Initially, Officer Rauch remained outside as he tried to determine what was happening and to diffuse the situation.   Officer Rauch could see Garrett inside the home, and at one point, tried to grab her by the wrist to get her to come outside and talk to him.   Garrett pulled away from Officer Rauch's grasp and retreated farther into the house.   Others inside the home were standing between Garrett and the rest of the house.   This confirmed Officer Rauch's belief that Garrett wanted to fight someone else in the house.   Garrett kept refusing to comply with Officer Rauch's orders to come outside and the entire time Garrett remained loud and belligerent.   It was at this point that Officer Rauch entered the house as part of his continued effort to determine what was going on and to diffuse the situation.

When Officer Rauch entered the home and confronted Garrett in the living room, which was about the same time that the back-up officers arrived, Garrett was yelling for the officers to “go get that motherfucker, he's in the bathroom.   Why are you talking to me?   Go get him.   Go get him.”  Id. at 15–16.   At this point, even though she had not previously invited the officers into the home, she clearly acquiesced in the presence of the officers in her home and, indeed, invited the officers into her home when she directed them to detain an individual she believed was in the bathroom.
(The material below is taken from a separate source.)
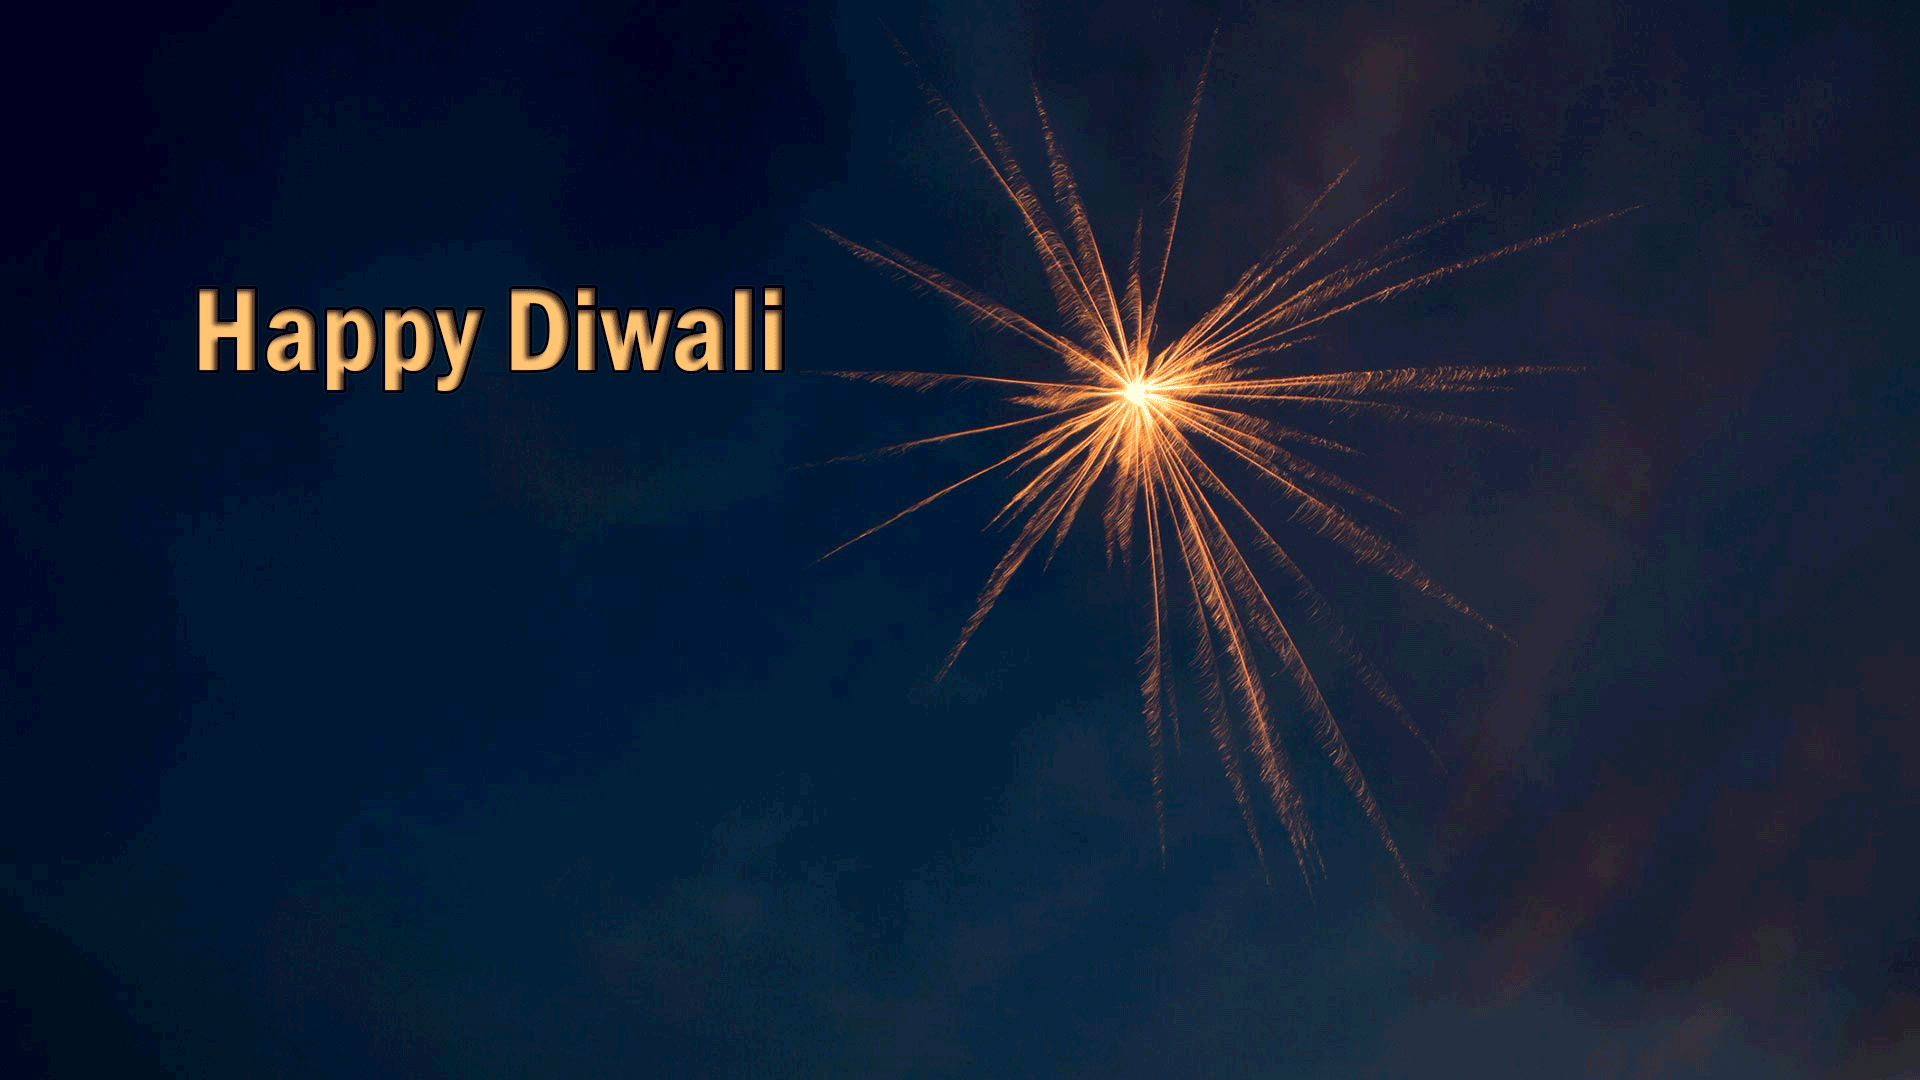 Happy Diwali Gif & Images 2017 - 9to5 Car Wallpapers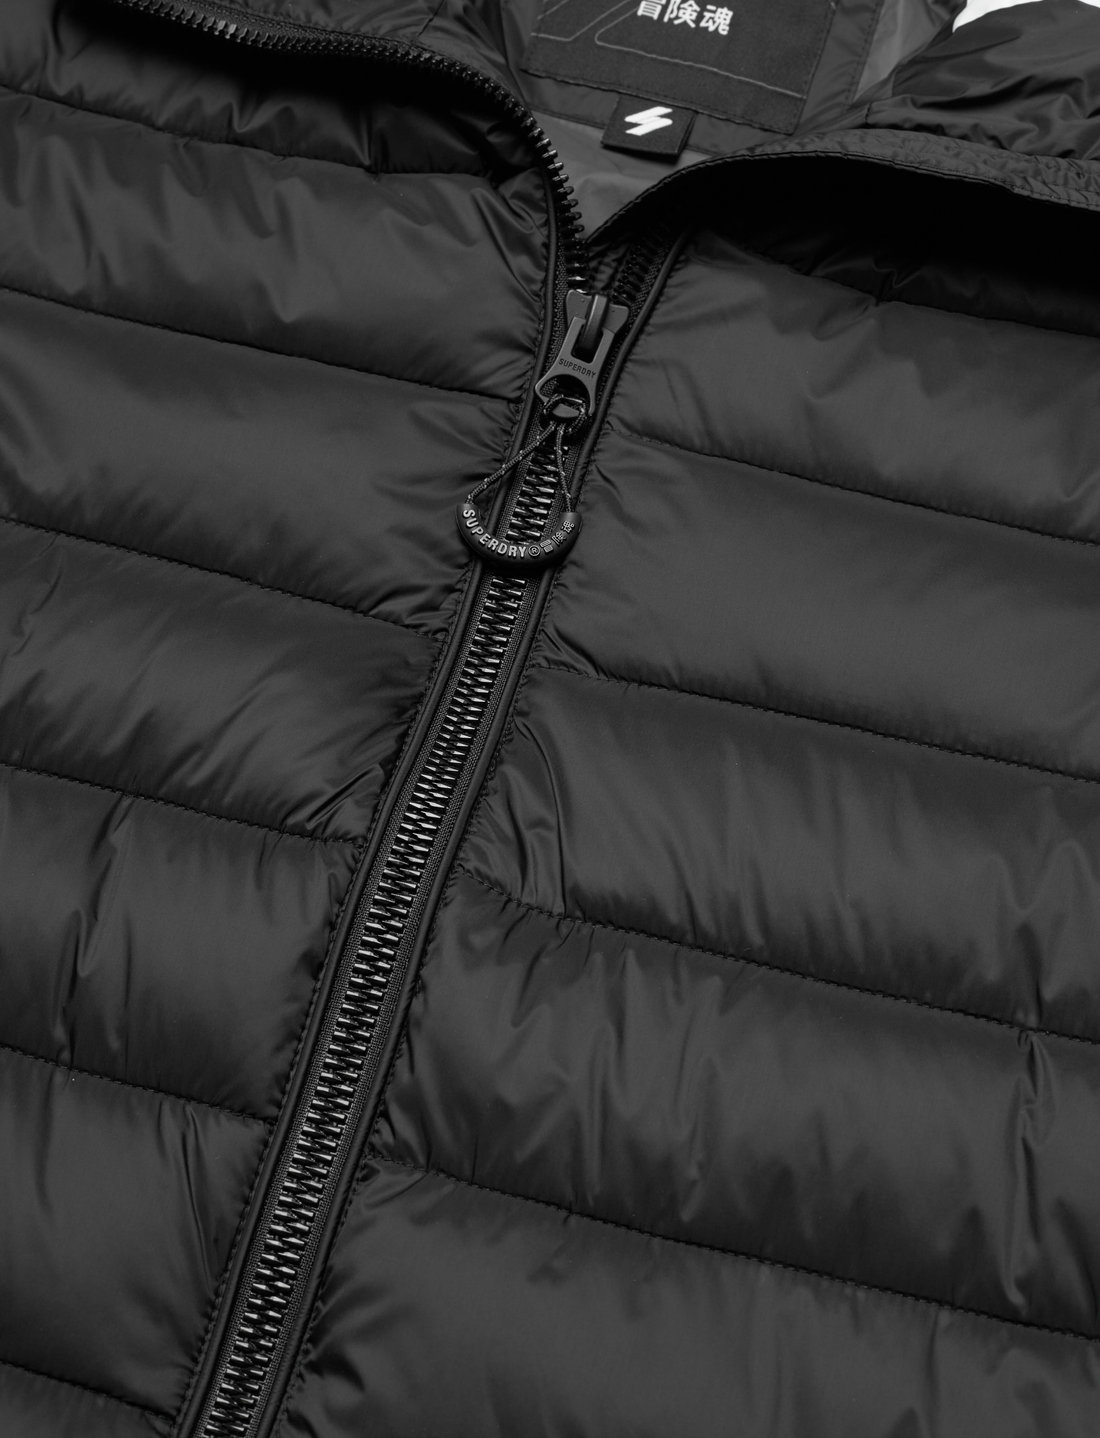 - Mtn and Jkt Buy Code jackets Superdry Fast easy at Hood delivery online Fuji Padded Non €. from Superdry returns 99.99 Boozt.com.

Garrett's conviction for resisting law enforcement was based on events that transpired after she expressly directed the officers to look and detain someone she believed to be in the bathroom.   As the two back-up officers were checking out the bathroom, Officer Rauch told Garrett that he was going to place her in handcuffs because she was still very agitated and yelling and screaming.   Garrett resisted Officer Garrett's attempt to detain her and a struggle ensued, which ultimately involved a second officer.   Garrett's claim that her resistance at this point was reasonable in response to an unlawful entry by the officers is untenable as the entry of the officers and Garrett's resistance are completely divorced from one another.   Garrett's resistance occurred after she had acquiesced to their presence in her home.   Garrett's argument that the officers were unlawfully in her home is without merit.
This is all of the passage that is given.